Guan’s comments echoed those of a former central bank official, who said over the weekend that the yuan’s rise is unsustainable, and follows a warning from the Financial News, backed by the central bank. Regulators said last week they would crack down on foreign exchange manipulation, while leaving monetary policy unchanged.
A robust economic recovery and capital inflows put the yuan on track to record its biggest monthly gain against the dollar since August, with traders interpreting the PBOC’s daily midpoint fixings as indicating implied approval of a strong yuan.
On Monday, it took the yuan midpoint to its highest level since May 17, 2018. The spot yuan can trade at 2% either side of the daily fixing.
The firmer fixation also pushed the trade-weighted yuan basket index to 98.22, its highest since March 29, 2016. Market participants widely viewed the 98 mark as the basket cap because levels above this level are seen as a loss of competitive advantage. for China against its trading partners.
The spot yuan ended its domestic session at 6.3607 per dollar, its strongest close since May 15, 2018.
The offshore yuan strengthened to a high of 6.3526 to the dollar, also a three-year high, but weakened after the announcement of reserve requirements.

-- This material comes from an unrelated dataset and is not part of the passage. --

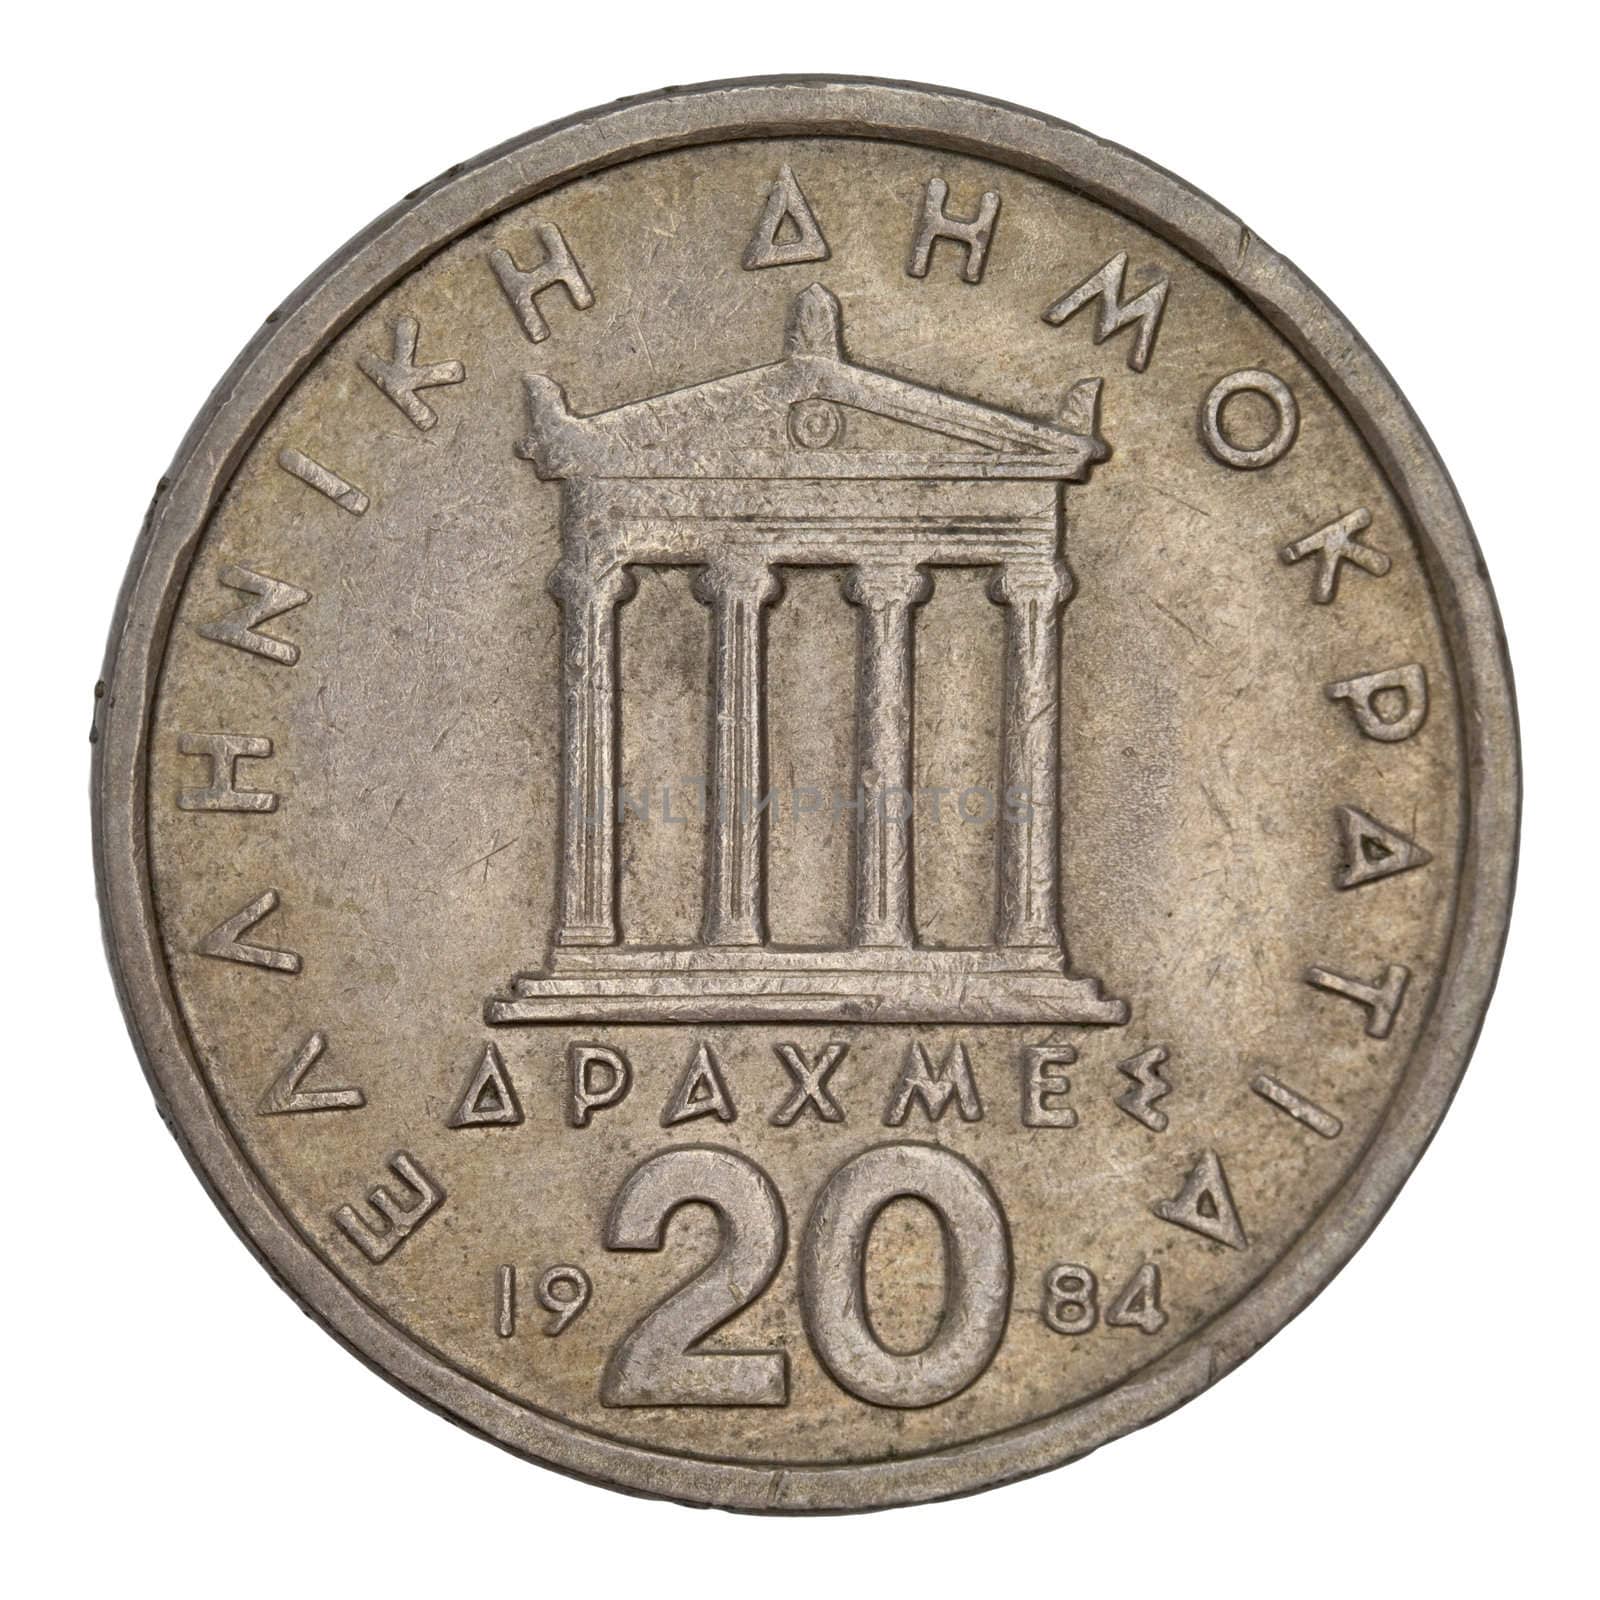 Parthenon, ancient Greek temple, schematically represented on old circulated 20 drachma coin from 1984 (copper with allumnium and nickel)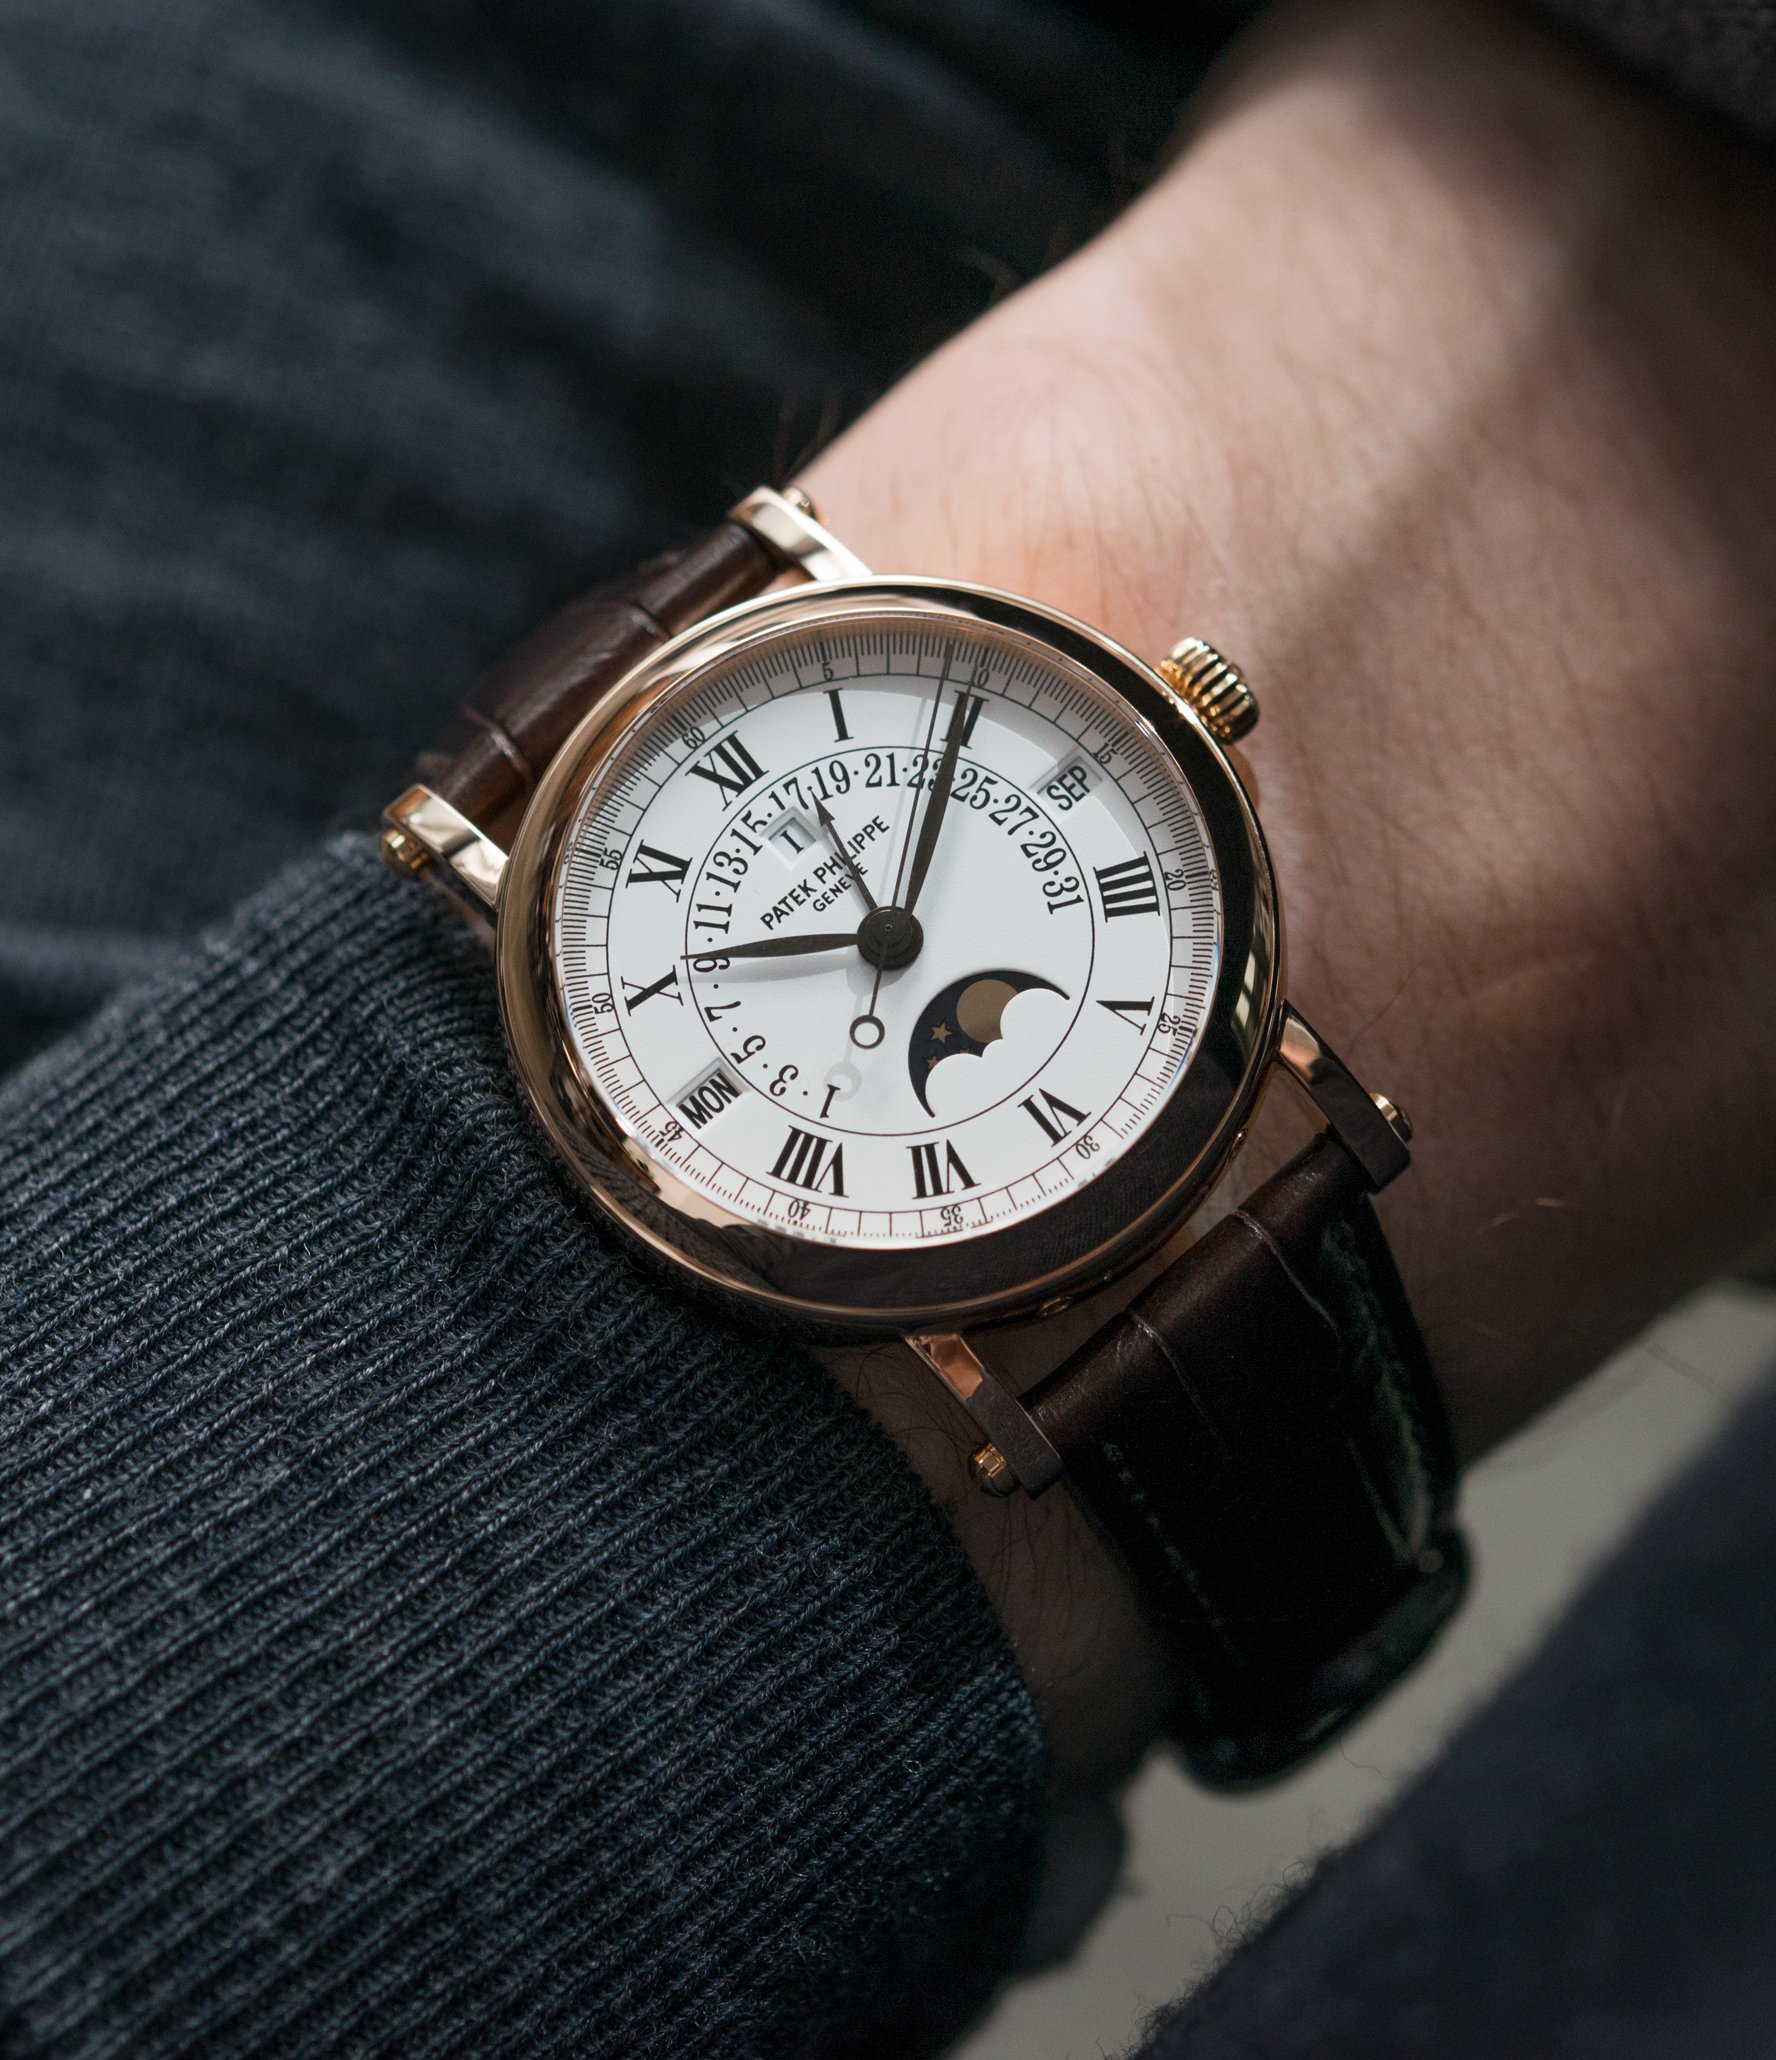 The Patek Philippe Grand Complications | The Hour Glass Official

It last traded at 6.3700.
The chief trader of a foreign bank in Shanghai said the yuan could face resistance as foreign companies buy dollars to make upcoming dividend payments.
“Some had bought dollars in the middle of the month, but those flows are not over yet,” he said.
But few people expect a significant change in the structural factors driving the yuan’s rise, including strong inflows as the economy recovers. Chinese factory activity continued to expand in May, despite soaring commodity prices that weighed on small businesses and export-oriented businesses.
Last week, increased foreign interest led to record inflows of Chinese A-shares through the Stock Connect program linking the mainland to Hong Kong.
The main Chinese stock indexes slipped on Monday, but posted their best monthly gain in six months. Flows to Chinese bonds also held up.
Iris Pang, chief economist for China at ING in Hong Kong, said in a note that yuan uncertainty presents a headache for companies, but the PBOC’s warnings on volatility should not be ignored .
“We believe the PBOC is experimenting with the volatility the market can handle and how the behavior of market participants can move the yuan,” Pang told Reuters.